In addition, Lopez's argument loses some of its force in light of the fact that his counsel cross-examined Agent DeLancey on her characterization of the payments as "lulling payments." He contends that the court denied him a full opportunity to address this issue on cross, but we are not persuaded by that argument after reviewing the transcript. In his brief, Lopez states that he sought to establish that the "lulling payments" to which Agent DeLancey referred were payments he was required to make by the terms of the investor agreements, but that the court did not allow him to do so. The following exchange belies that contention:

Q: Now, in your testimony, you referred to payments to the lenders as lulling payments; is that right?
A: Yes.
Q: But the terms of this agreement actually require Mr. Lopez to make payments on a monthly basis to Ms. Wilson of $210; is that right?
A: Yes.
Q: So when you refer to some of these as lulling payments, you're actually referring to payments that Mr. Lopez made to lenders per these written contracts?

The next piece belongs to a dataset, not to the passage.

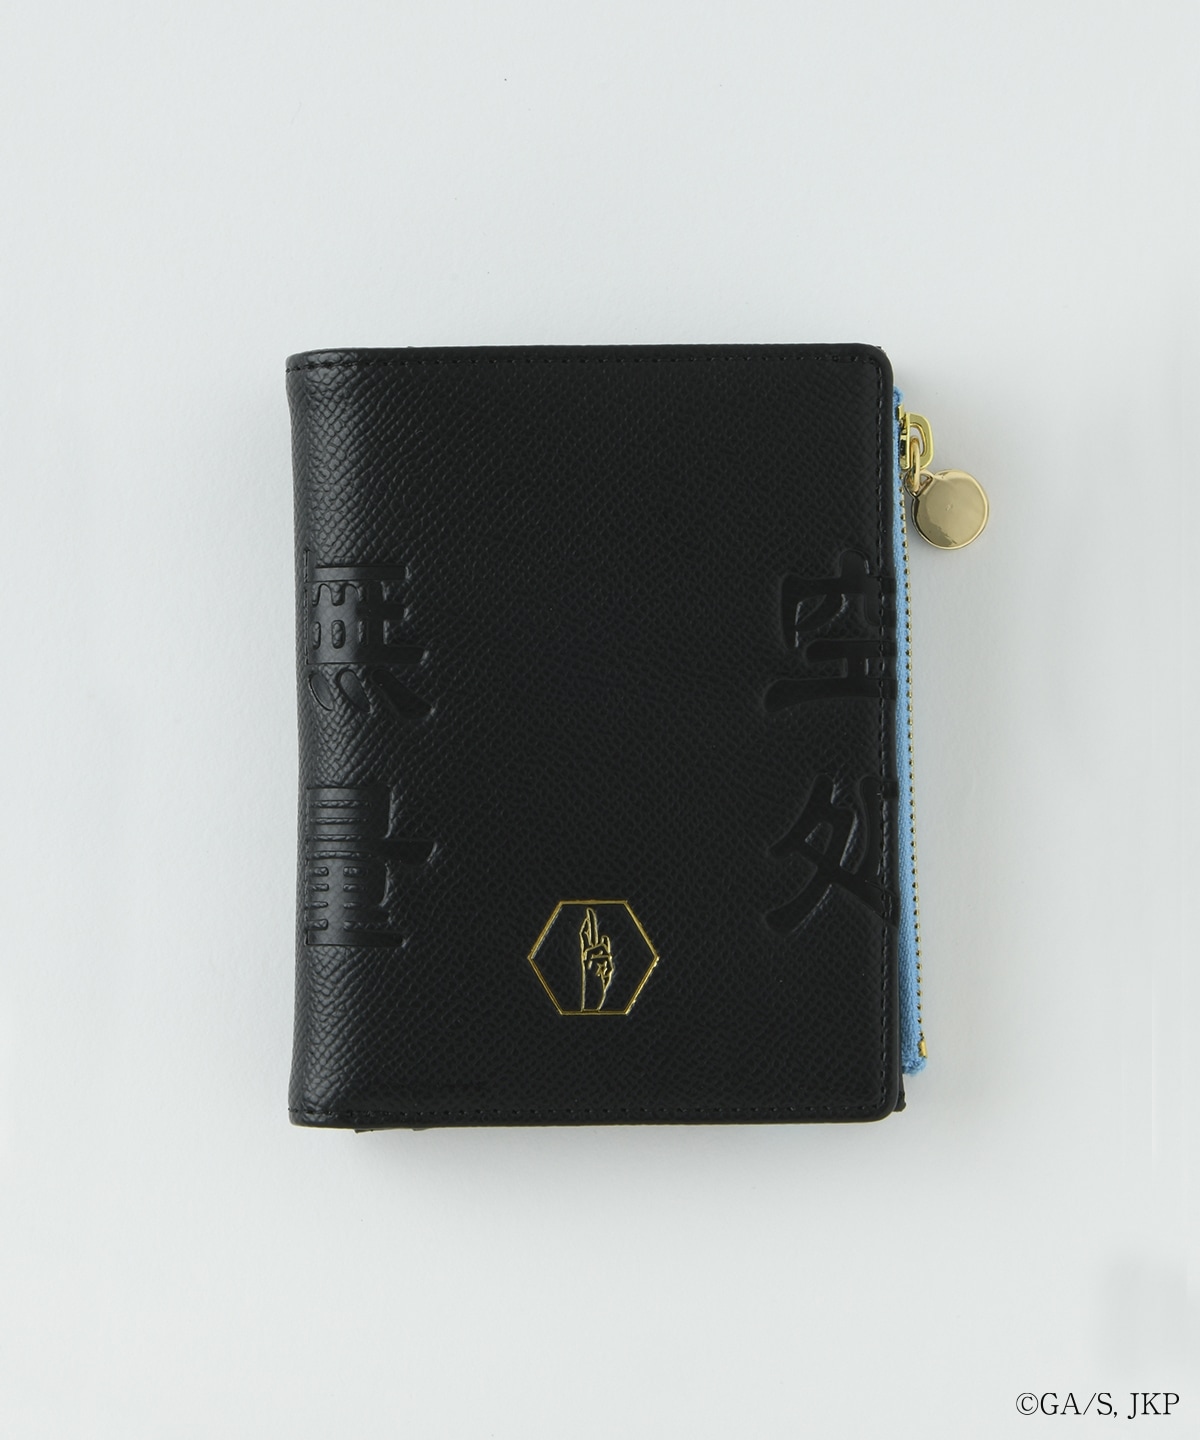 『呪術廻戦』コレクション「五条悟」コラボ折財布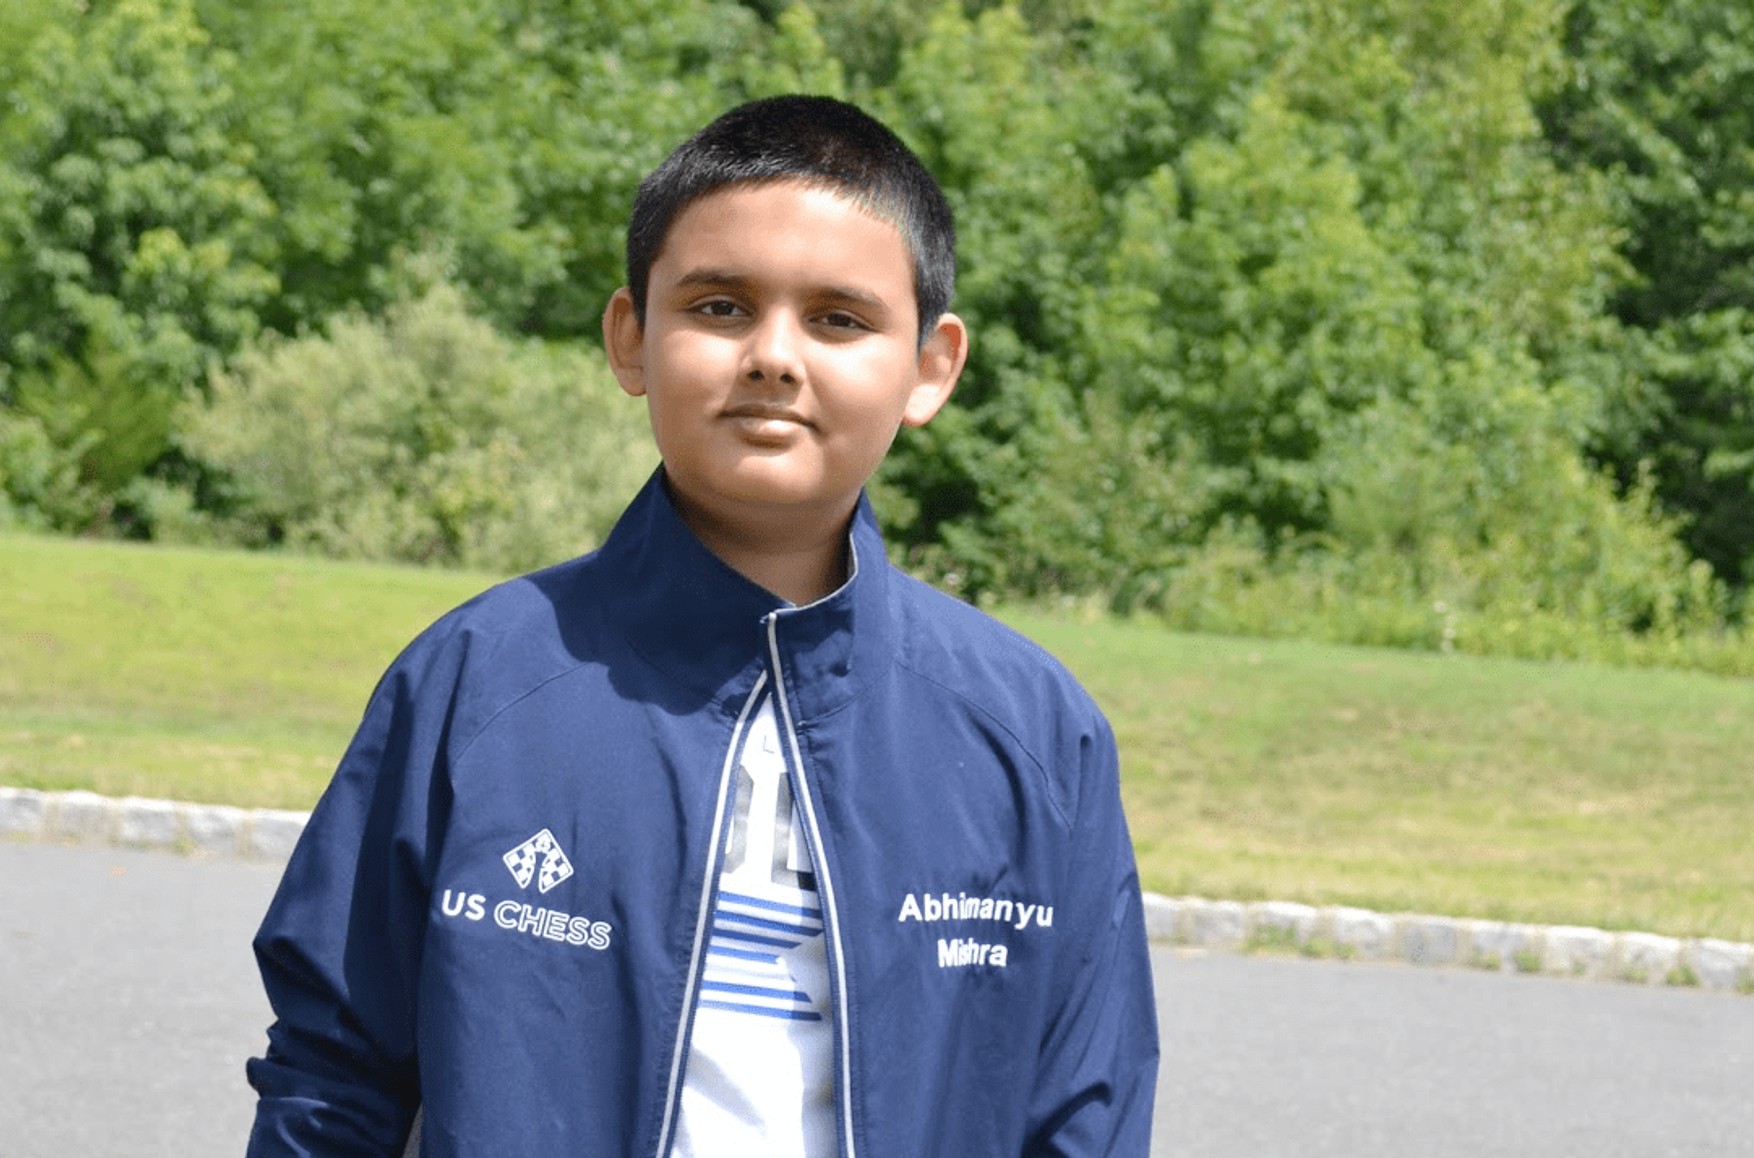 12-річний американець Абхіманью Мішра став наймолодшим гросмейстером в історії

A: Right. When I refer to them as lulling payments, I'm referring to the fact that those are just the investor's funds that are being used to pay back—to make the payments that he's required to make as interest payments, but—
Q: But they are payments that Mr. Lopez was required to make to the lender by these contracts?
A: Yes, that JCL Direct is required to make, yes.
Q: So he was adhering to the terms of this contract when he was making those payments to Mrs. Wilson?
A: Yes.

Lopez contends that subsequent government objections caused confusion and cut short his ability to make his point to the jury. But, as the above exchange demonstrates, it is simply not true that Lopez's counsel was...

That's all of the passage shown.